Reasoning: `7``0 * 5 = (7``*5)``*``10 = 350`
By the way, did you mean append a `0` to the end, like `35 -> 35``0`?
"Plus" sounds like `+ 0` which doesn't do anything.
• Sal is better make Sal in more videos
• i want to see what he looks like RIGHT NOW
(1 vote)
• this isnt a question but did anyone do it this way: so you think 90 x 5 so 90 is 9 x 10 so its 9 x 10 x 5 so 9 x (10 x 5) so its 450
(1 vote)
• did you know about ! in math
(1 vote)
• That symbol of '*!*' or the exclamation point in math can also be known as factorial. Which basically means multiply all the numbers until that select number, which means that those numbers tend to be quite big.

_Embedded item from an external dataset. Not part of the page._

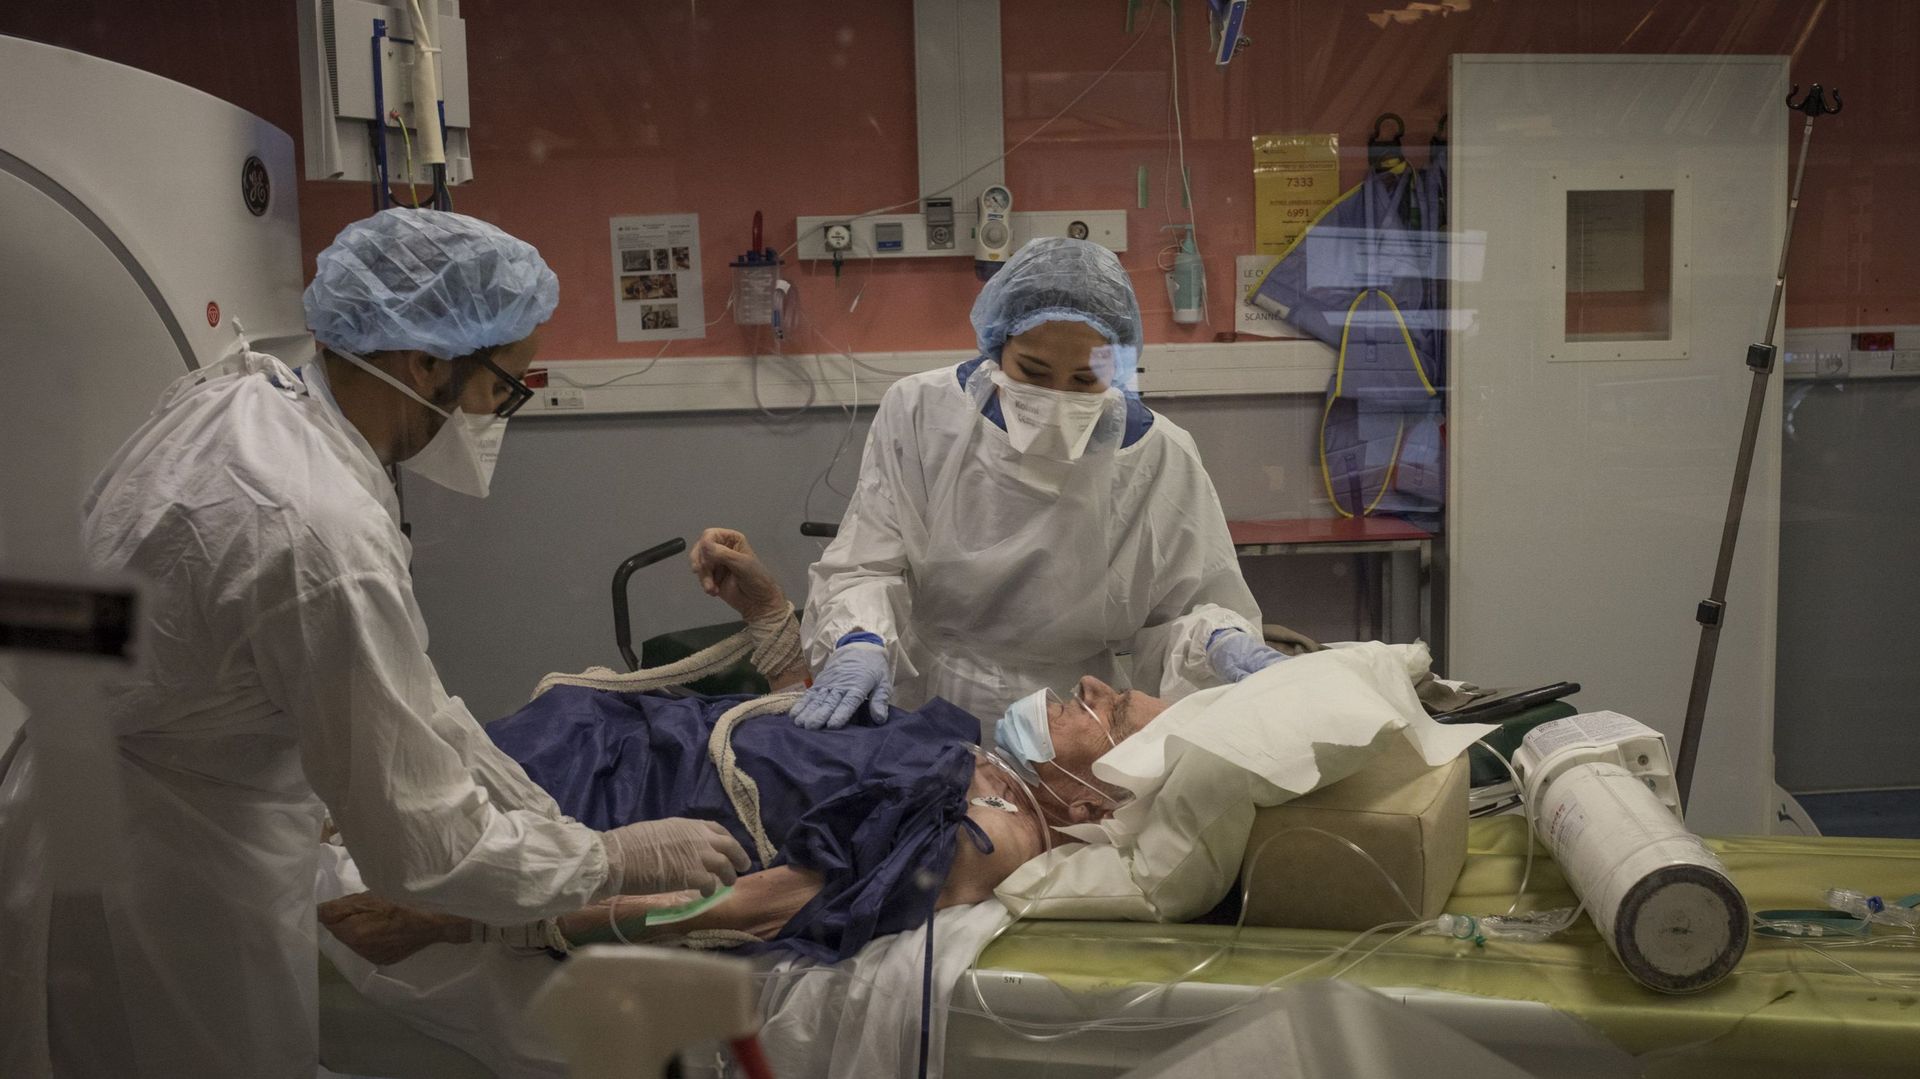 Examen radiologique pour un patient covid dans un hôpital parisien (image d'illustration)

Let us try 5!:

``1 x 2 x 3 x 4 x 5 = 5! = 120``

So, now, 5! is = 120.

Hope this helps!
(1 vote)
• bro this is teaching me a lot of things
(1 vote)

## Video transcript

- [Voiceover] A volunteer group is planting trees at five different parks. They planted 90 trees at each park. How many trees did the group plant in all? Here's what we know, we know that this group went to five different parks, very kind of them, and planted 90 trees at each of those parks. If we want to know the total amount, we could do a couple things. We could say they planted 90 trees at park one, plus 90 more at park two, plus, you see where this is going, 90 more at park three, plus 90 more at park four, and finally 90 more at park five. One way to solve this would be to add all those 90s. We could do it, it'll take a while, but we could get there. Or, we could say that the group planted 90 trees, five times. Five times, they planted 90 trees. So, 90 times five. Let's solve both of these. Either are great ways to get to our solution, but maybe solving both of 'em will help us see if we liked one way better or if one felt simpler for us. So, 90, the number 90 we can think of as nine 10s, I'll write that up there, and that'll help us add nine 10s plus nine 10s is 18 10s, plus nine more 10s is 27 10s, plus nine more 10s is 36 10s, and the last nine 10s gets us 45 10s, or 450. That zero is because we're talking about 10s, 45 10s, or 450. The group planted 450 trees. Let's try the multiplication way and see how that goes. Again, 90 10 90, we could think of as nine 10s times five, so if you have nine 10s five times, you have 45 10s, and 45 10s is again 450. Get that zero on the end. Both ways, we see this is a very generous group. They planted 450 trees. Either way, we could add or we could multiply, for me, the multiplication gets me there faster. I like the multiplication way, but either way, we can see 90 trees at five parks is 450 total trees.